Encoding engine basically requires it, so you’d need to implement a hack or something. https://www.reddit.com/r/IntelArc/comments/189cgsm/intel_arc_h265_encoding_performance_and_resizable/

Lemmchen@feddit.de · 6 months ago

Shit, this kinda screws with my plans to use the A380 as a transcoding card for my server.

Verdant Banana@lemmy.world · 6 months ago

same with all modern pcie 4.0 or higher gpus

rebar is now standard

https://www.nvidia.com/en-us/geforce/news/geforce-rtx-30-series-resizable-bar-support/

MangoPenguin@lemmy.blahaj.zone · 6 months ago

Intel Quicksync would do it, no need for a dedicated GPU.

Possibly linux@lemmy.zip · 6 months ago

You need a Intel GPU for that. It just so happens Intel CPUs come with GPUs these days.

MangoPenguin@lemmy.blahaj.zone · 6 months ago

Yes hence no need for a dedicated GPU

Possibly linux@lemmy.zip · 6 months ago

True, but to say CPU is not quite the correct term. It is still a GPU it just in on board graphics.

MangoPenguin@lemmy.blahaj.zone · 6 months ago

I didn’t say CPU? Quicksync is Intels dedicated hardware transcoder in the iGPU.

Possibly linux@lemmy.zip · 6 months ago

No but the post author did. I just want to make it clear that we aren’t talking about just any CPU

entropicdrift@lemmy.sdf.org · 6 months ago

You can easily do smooth 4K HDR transcoding with any modern Intel CPU with integrated graphics.

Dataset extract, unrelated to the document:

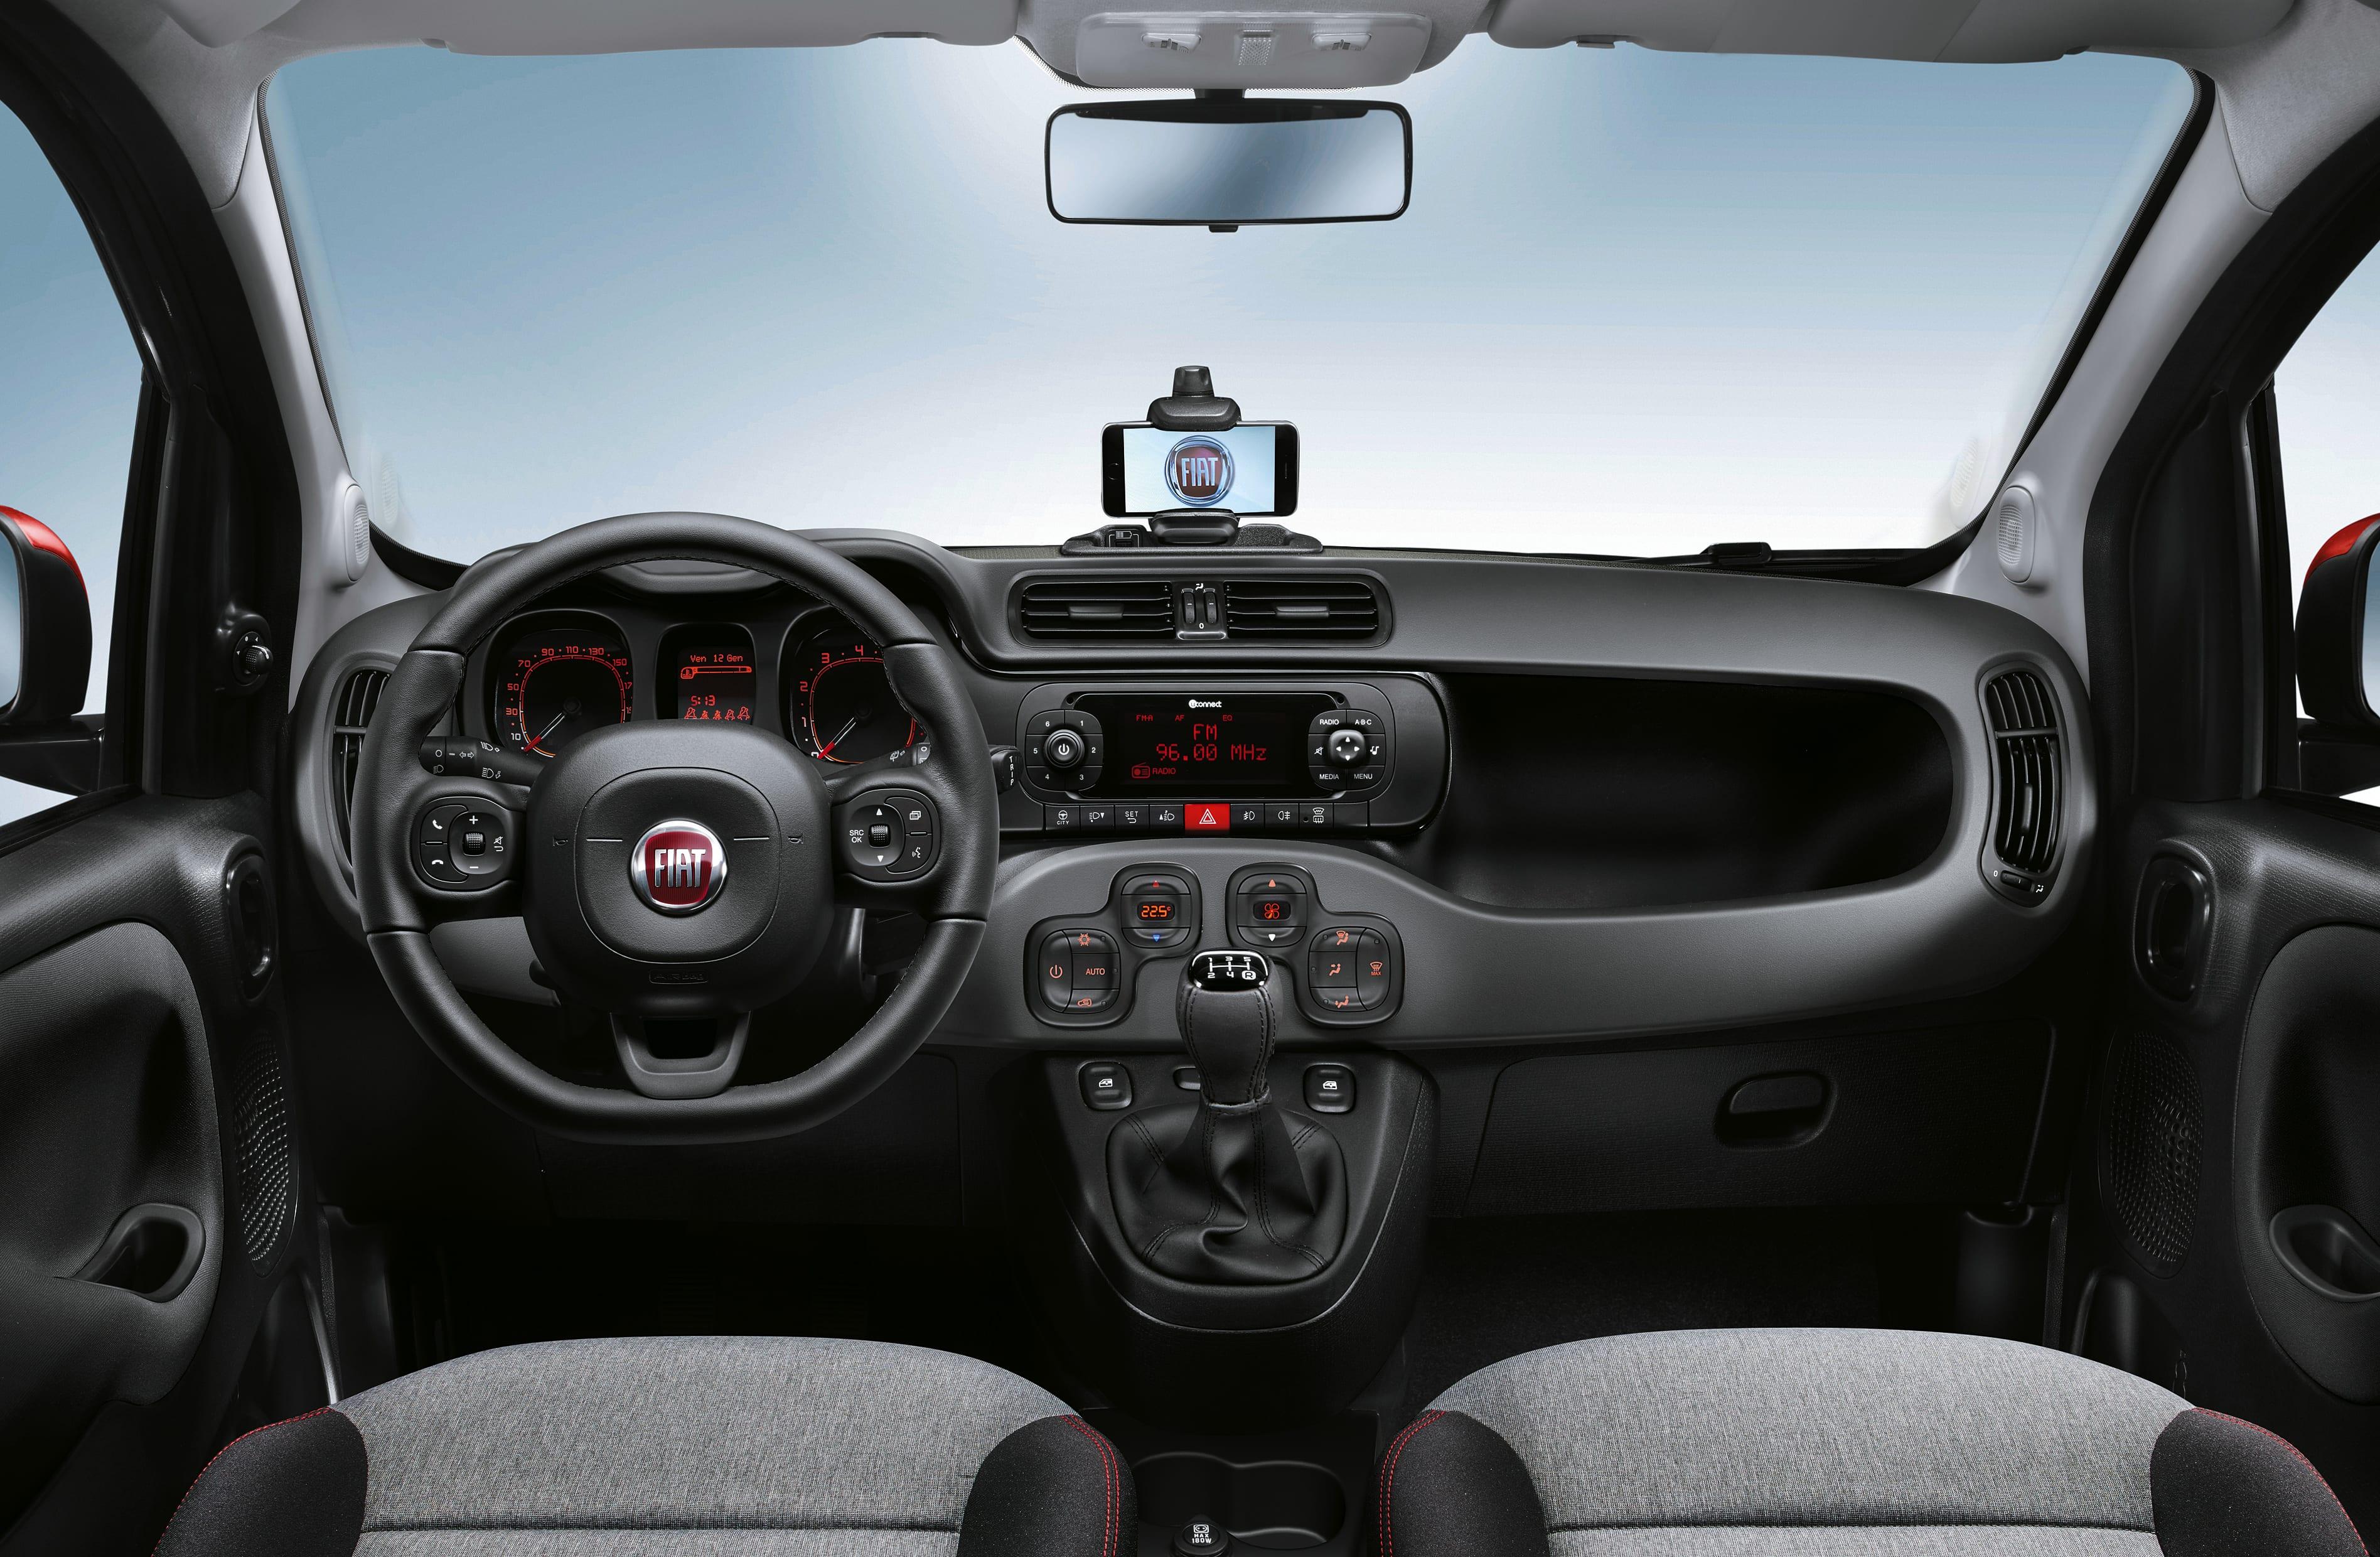 Fiat_Panda dashboard

I have an Intel N100 and it can probably handle 2-3 4K HDR transcodes at once. Definitely more if they’re being transcoded down to lower resolutions. Encoding is the most intensive part of the process.

Rogers@lemmy.ml · 6 months ago

Intel GPUs look like a great value. And AV1 hardware acceleration is a game changer

khi@lemmy.world · 6 months ago

I don’t know where you’ve bought your N100 but i think it shouldn’t be able to do that. I have one too and it cant do even one 4k 10bit HDR transcode.

As i see in the results from the benchmarks we’ve gathered (here: https://gist.github.com/ironicbadger/5da9b321acbe6b6b53070437023b844d), my experience seems to be the common one.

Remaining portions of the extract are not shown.